Doctors declared former Puerto Rican welterweight boxing champion Hector Camacho brain dead on Thursday.

Director of the Centro Medico trauma center in San Juan Dr. Ernesto Torres, who was treating the famed boxer, said: "We have done everything we could. "We have to tell the people of Puerto Rico and the entire world that Macho Camacho has died, he is brain dead."

Camacho's family members have diverse opinions on whether life support should be taken off him.

Camacho's father was in favor of life support to be taken off the boxer. "This is a very difficult moment," he said. But his mother and a sister were not ready just yet.

Camacho's oldest son will reach the hospital on Thursday night, and then the family will probably take a decision. "Let's remember him as a good man," Camacho's former manager and old friend Steve Tannenbaum said. "He was a good father, a good son."

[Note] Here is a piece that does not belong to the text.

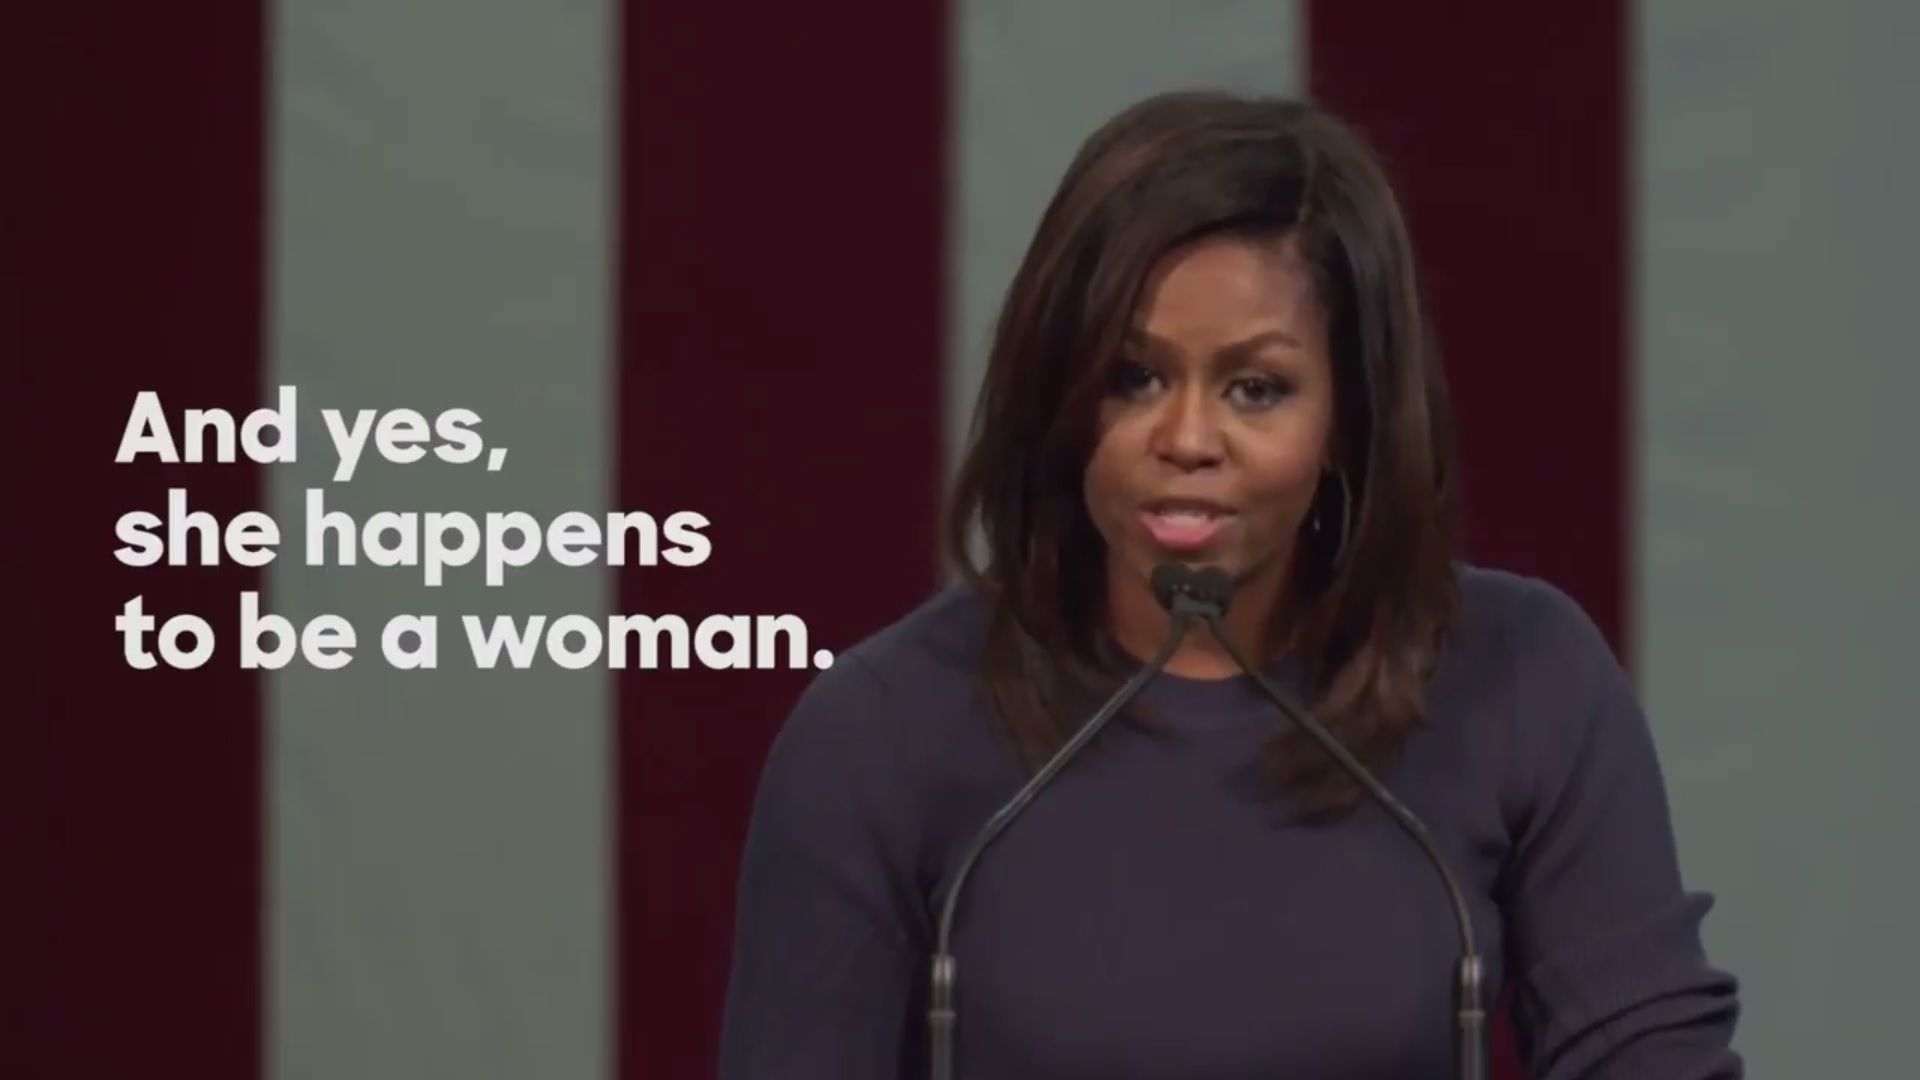 Vídeo: El sorprendente discurso de Michelle Obama contra Donald Trump
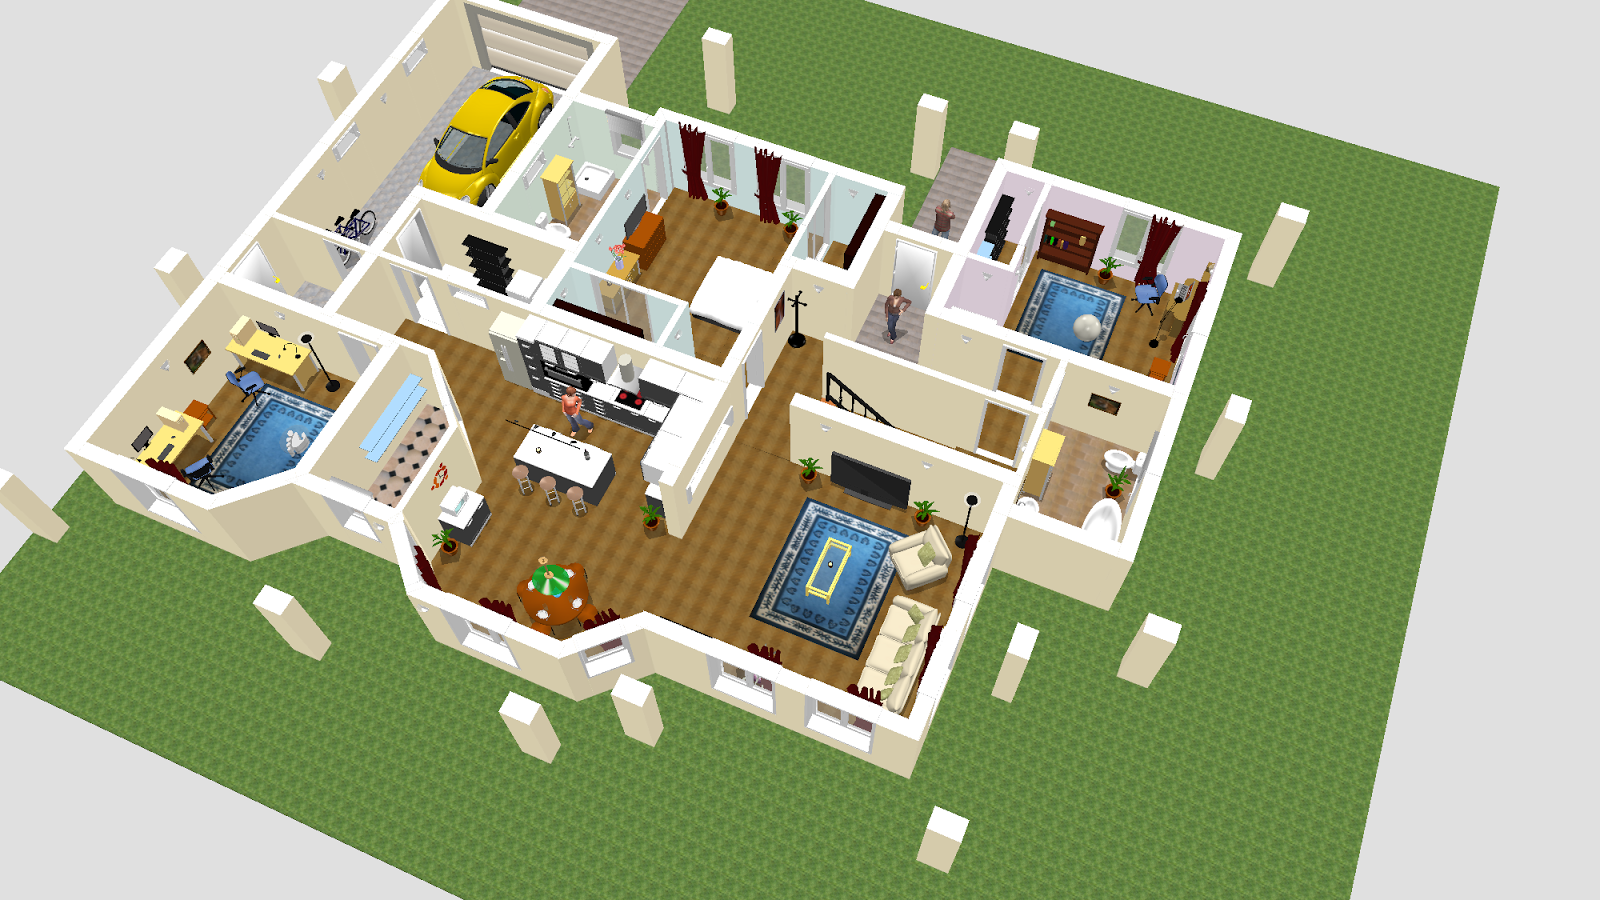 برنامج تصميم المنزل من الداخل و الديكور Sweet Home 3d زووم على التقنية

Tannenbaum added he idolized Camacho as a boxer. "He is one of the greatest small fighters that I have ever seen," he said. "Hector Camacho had a legendary status.

"He was almost like the indestructible man. He had so many troubles with the law, so many altercations in his life. It's a great shame."

Three-time world boxing champion, Camacho, who was popular among fans by the nickname "Macho," was sitting in a Ford Mustang with a friend outside a bar, when two gunmen opened fire on them on Tuesday night.

As per Police spokesman Alex Diaz, they found nine small bags of cocaine in the friend's pocket, and a 10th bag was open inside the car.

Torres said the bullet damaged three of four main arteries in Camacho's neck and it affected blood flow through to his brain.

"That lack of oxygen greatly damaged Macho Camacho's brain," he added.

Torres had claimed late Wednesday that Camacho was still showing irregular and intermittent brain activity.

Camacho won the super lightweight, lightweight and junior welterweight world titles in the 1980s. He has a career record of 79-6-3.